The project dictated each silicon IGBT dissipated 368W of energy, with a thermal interface, water block, and brass connectors. The heat generation was modelled as a volumetric heat source, and the materials were given standard values for thermal conductivity and specific heat capacities for each material, silicon, paste, aluminum, and brass.
The simulation found through the temperature distribution that the electronic design allowed for uneven cooling, large temperature gradients, and unacceptable temperatures in the component. The temperature gradient revealed that the biggest thermal resistances were due to conductivity within the thermal interface.

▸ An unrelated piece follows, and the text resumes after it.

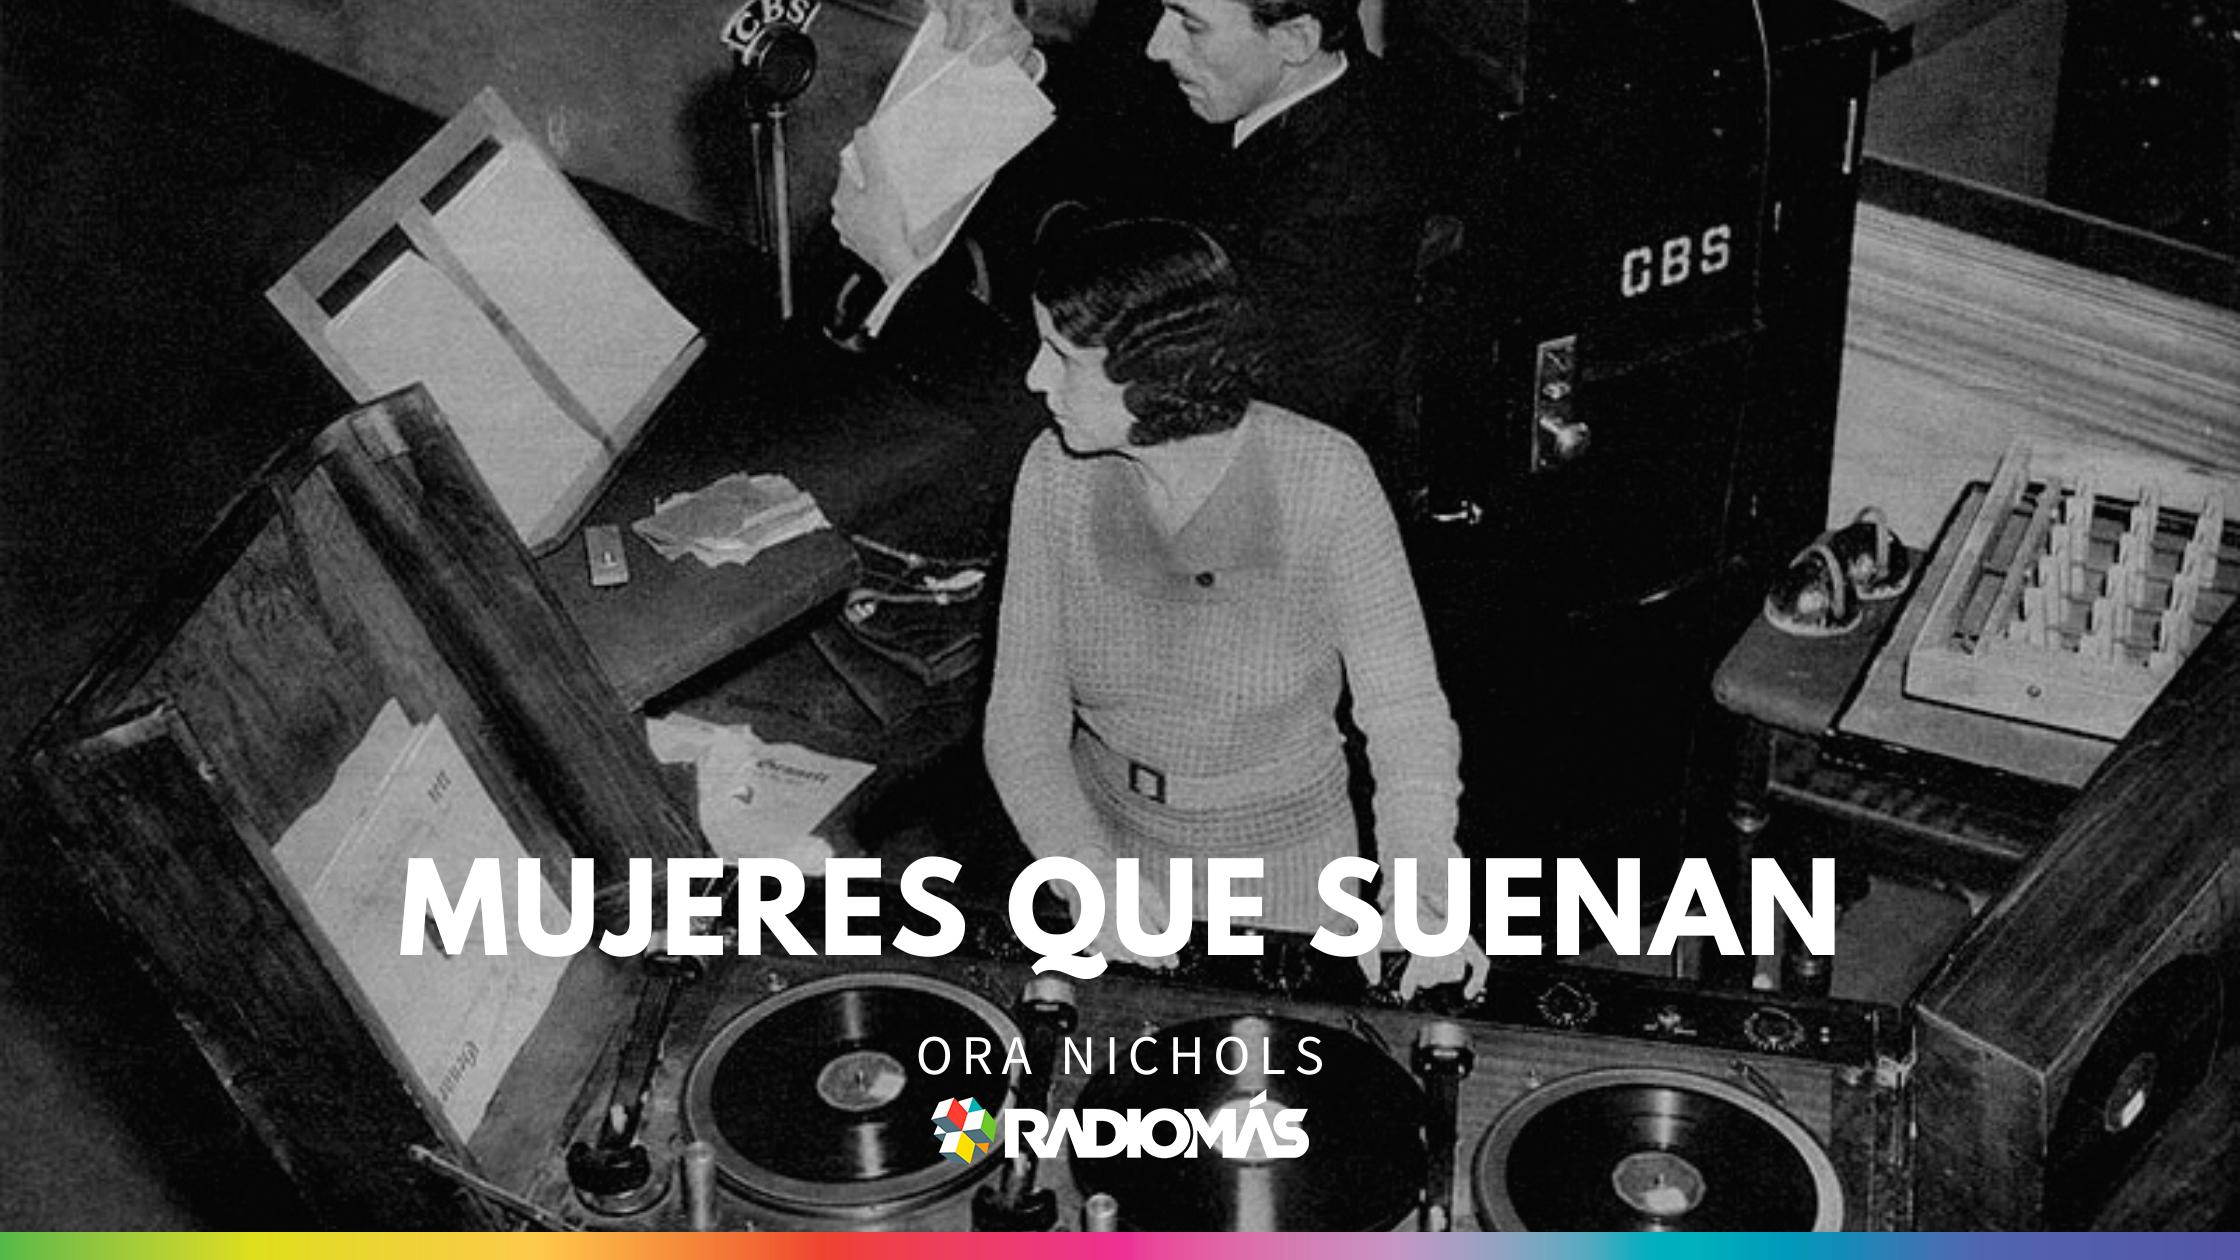 Ora Nichols, una de las mujeres más influyentes en la radio

The IGBTs generated 1472W of heat altogether, and of that 92.6% of the heat removed was through water cooling, the other 7.4% through natural convection of the surrounding air. The maximum temperature of an IGBT should be around 90 degrees Fahrenheit to ensure that it will not be damaged through overheating, but to increase the component’s longevity, 70 degrees would be ideal. The first design revealed that the junction temperatures were too high.
Additionally, the conjugate heat transfer simulation found that the flow channel produced significant pressure losses due to the design’s sharp edges and contractions.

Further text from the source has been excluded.